NAIZ 25/06/2017 REPORTAJES mujeres transexuales
La figura de un hombre maduro que se afirma como mujer transexual,
y a veces además lesbiana, cuestiona muchas normas establecidas,
produciendo a menudo rechazo e incomprensión. El imaginario colectivo
carece de referentes positivos, sobre todo en el caso de las personas
que transitan ese camino siendo ya adultas.

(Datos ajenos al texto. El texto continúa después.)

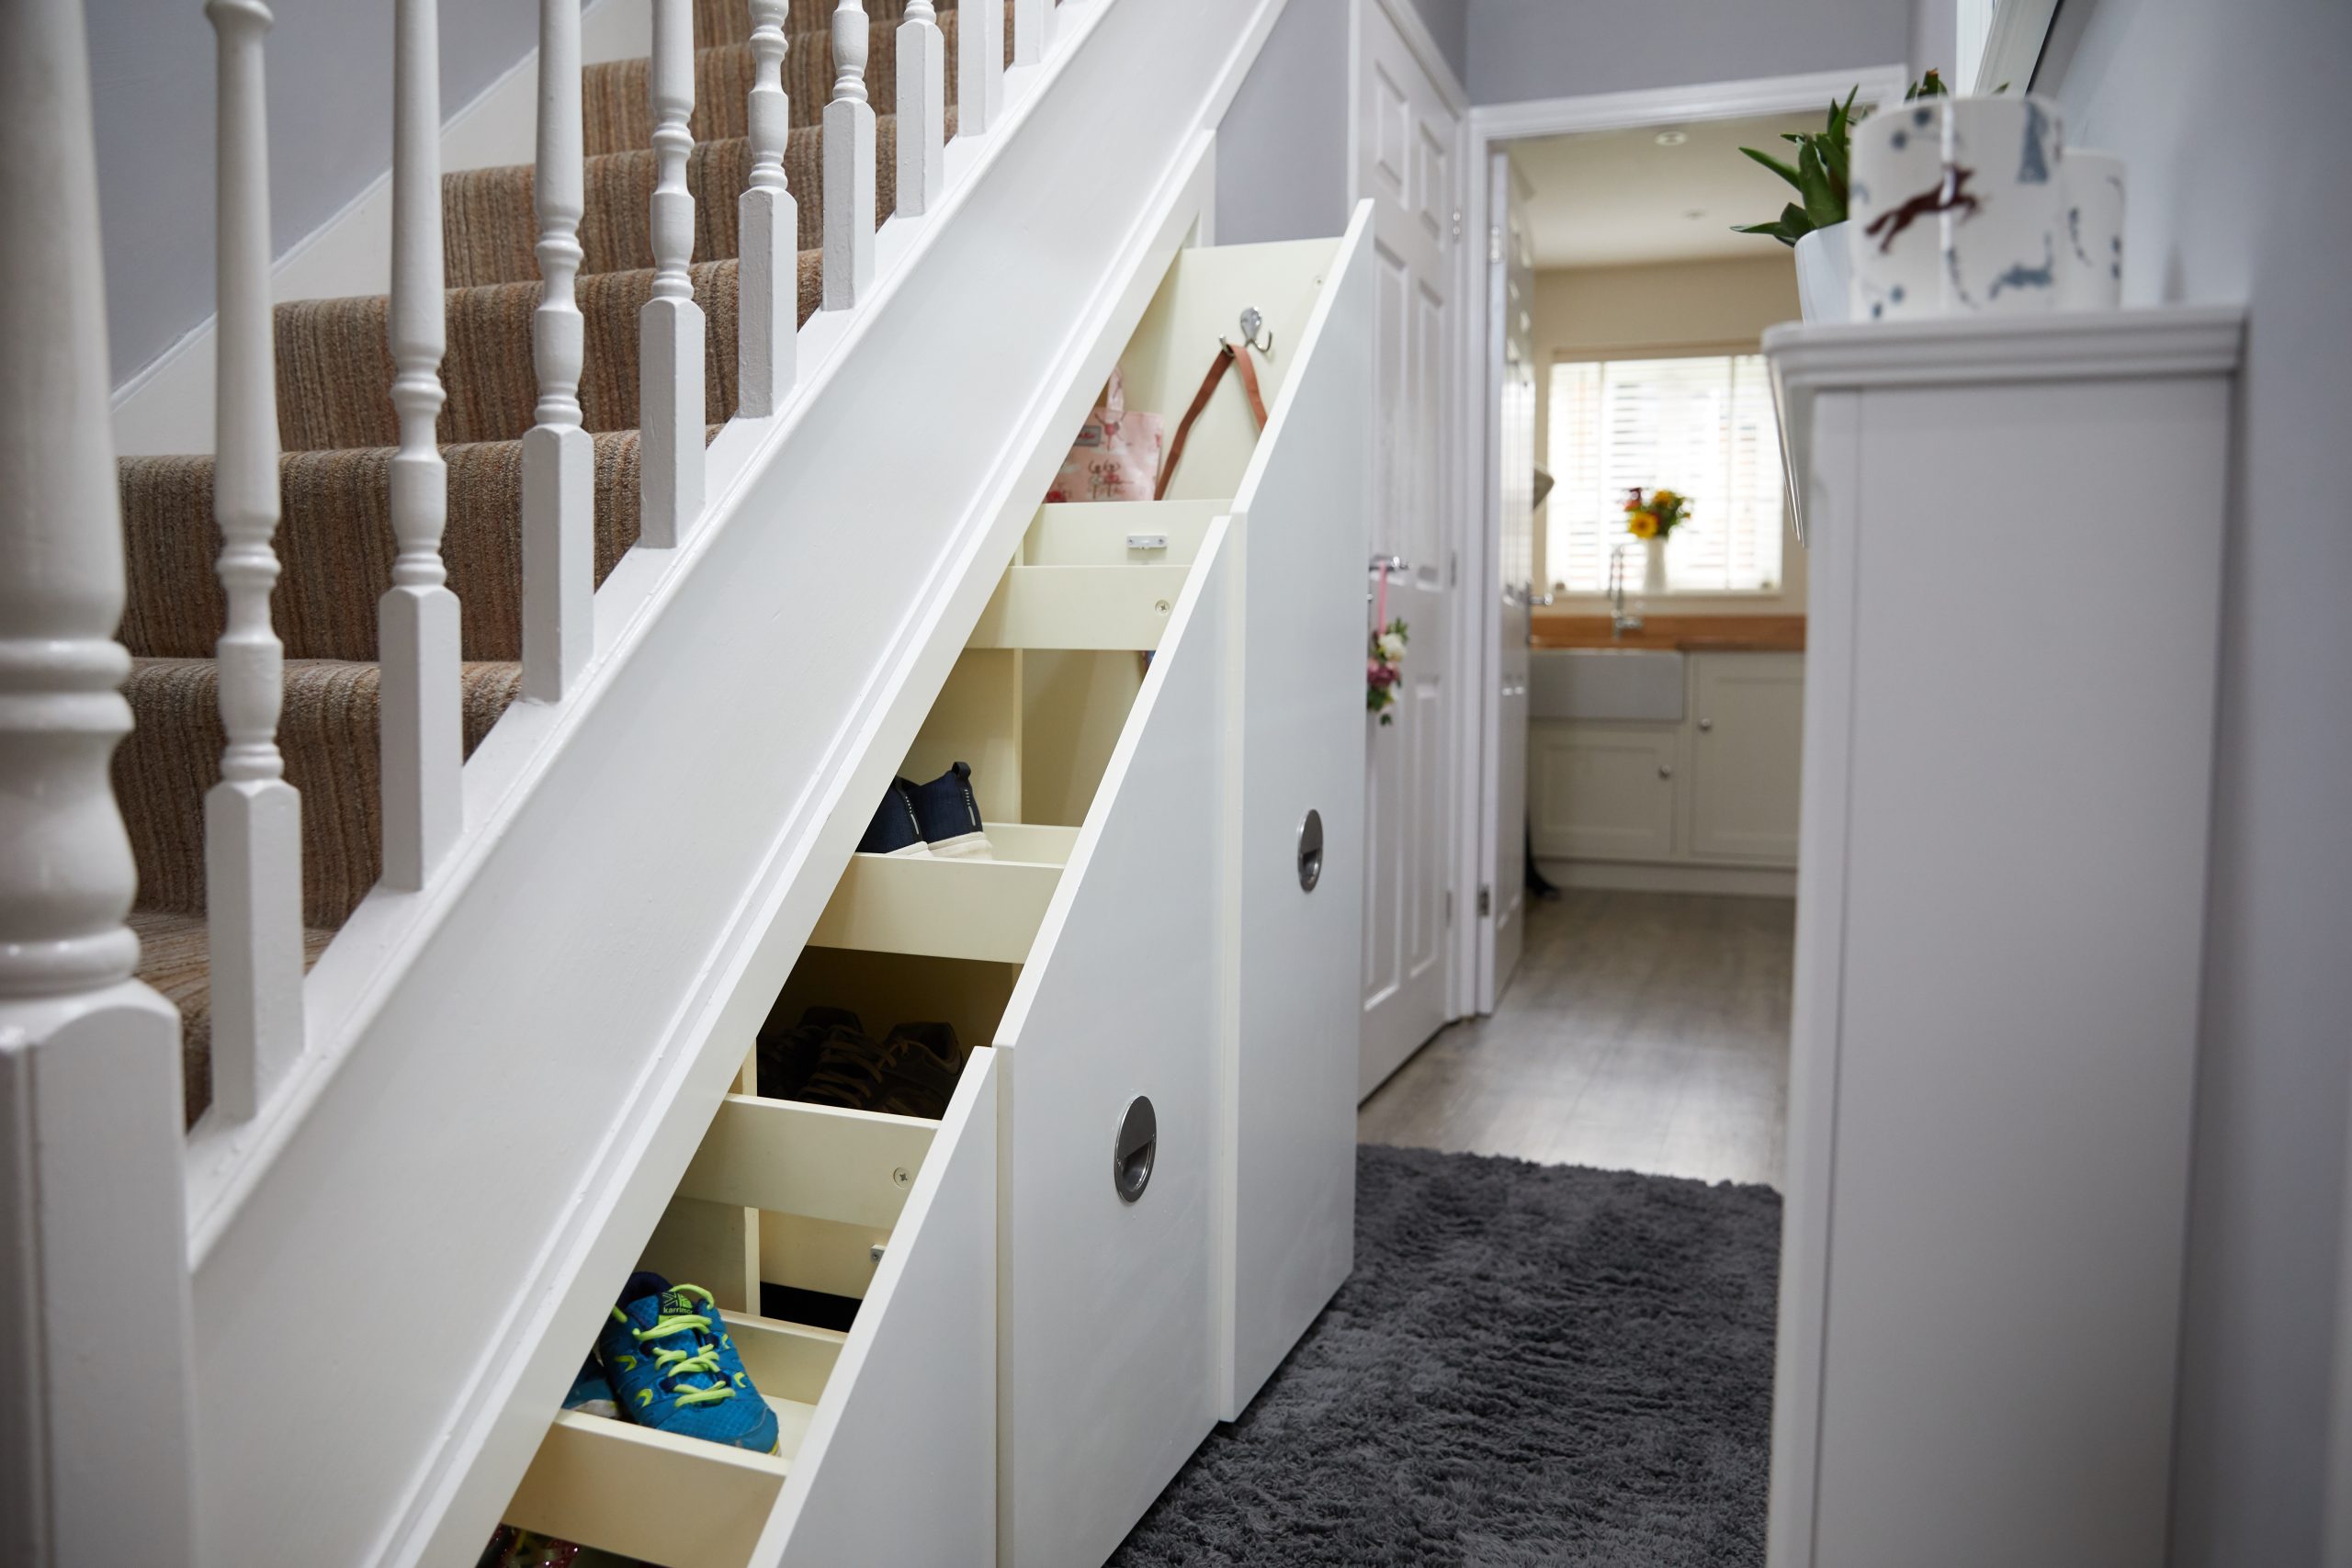 Under stairs storage · Fortschritt Bespoke Cabinetry
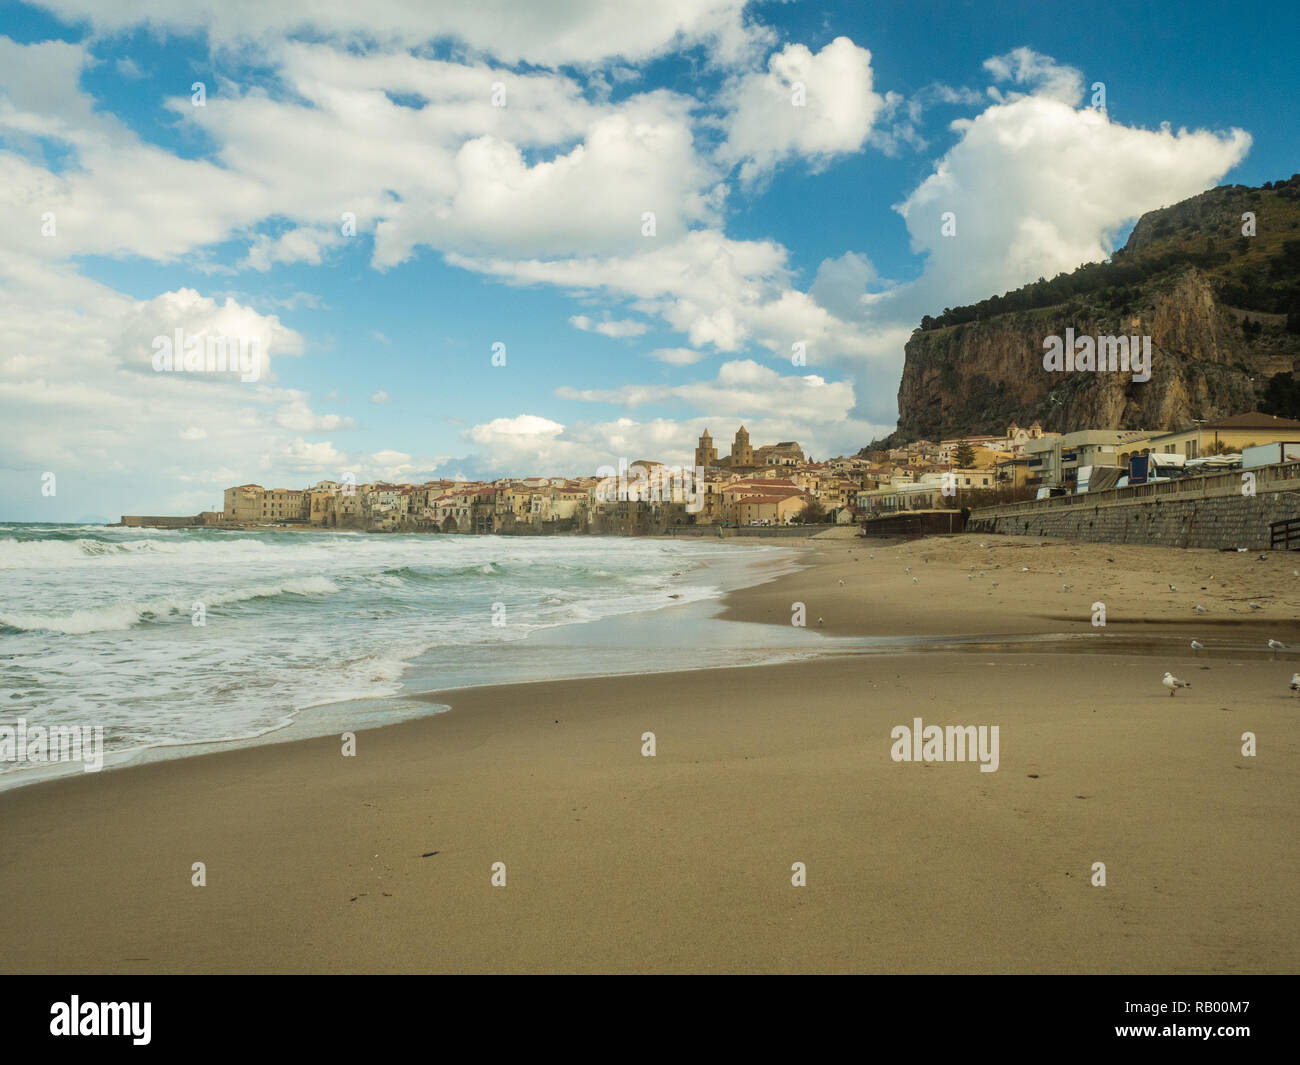 La plage et de la ville de Cefalù, avec sa cathédrale, le nord de la Sicile, Italie Banque D'Images

Yo era más hombre que muchos de los hombres que
andan por la calle. Un verdadero macho que sabía imponerse, con un cuerpo digno
de un culturista y los brazos tatuados. Jamás me sentí atraída por los chicos.
Siempre me han gustado únicamente las mujeres». Zenia tenía 5 años cuando por
primera vez le pusieron una falda. Alguien trajo ropa para su hermana pequeña y
ella sirvió de modelo. Lo pasó en grande. No entendía por qué tuvo que quitarse
la falda antes de que su padre volviera del trabajo, pero comprendió que solo a
escondidas podría sentirse otra vez feliz.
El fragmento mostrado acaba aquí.